# psittacine beak and feather disease



## bear2491 (Feb 26, 2011)

Hi, 

I'm wondering if anyone on here has some experience with the PBFD virus/French moult at all? I know a bit about it, my question is more about how to treat the cage. 

Story is - my father in law rescued a scaly breasted lorikeet today that had "fallen out of a tree" and put it in the spare cage under my youngest two birds (12 months). The set up of the cage means they are separated but are close (40cm in height), luckily the lorikeet is below the tiels so any of that infected poo won't be falling on them but I do worry about any dust. 

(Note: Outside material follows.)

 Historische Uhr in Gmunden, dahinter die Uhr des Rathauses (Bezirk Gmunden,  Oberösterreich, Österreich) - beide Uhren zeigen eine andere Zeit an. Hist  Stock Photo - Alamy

I know the lorikeet has to be infected, he has no tail feathers, no flight feathers but otherwise seems fully feathered. He is also a juvenile, bordering on adulthood (beak is transitioning from black to red) which is the most common age for infected birds to present. If I had been home I wouldn't have allowed it, I know what PBFD looks like, they are called "runners" for a reason 

I can get the local wildlife rescue to come get him tomorrow (once I convince FIL that keeping him is putting my birds lives at risk) and they will put him down if he is indeed infected, but then I'm left with an infected cage and I want to treat it right. 

As I'm about 7 days away from pulling my first batch of new babies for the year, I need to have no doubt in my mind that everything is "clean". As PBFD is a virus, I know it's hard to kill, but 2 products I'm thinking of using are either bleach (recommended by the wildlife rescue last time I came across a runner) or a cleaner called F10 which is a veterinary grade disinfectant (see link here http://www.vetnpetdirect.com.au/F10D#.UicBVc9ArIU) 

Any advice or suggestions? 
i'm a little peeved, just another thing to worry about


----------



## Renae (Feb 9, 2008)

Lorikeets don't produce dust, it can still be transmitted via poop, clothing, and etc though (which is why you need to wash your hands well and change clothing afterwards). Can you get another cage and put the Lorikeet in a different room? This would be the ideal thing to do, your Cockatiels are at too big of risk if the Lorikeet was to have the disease. 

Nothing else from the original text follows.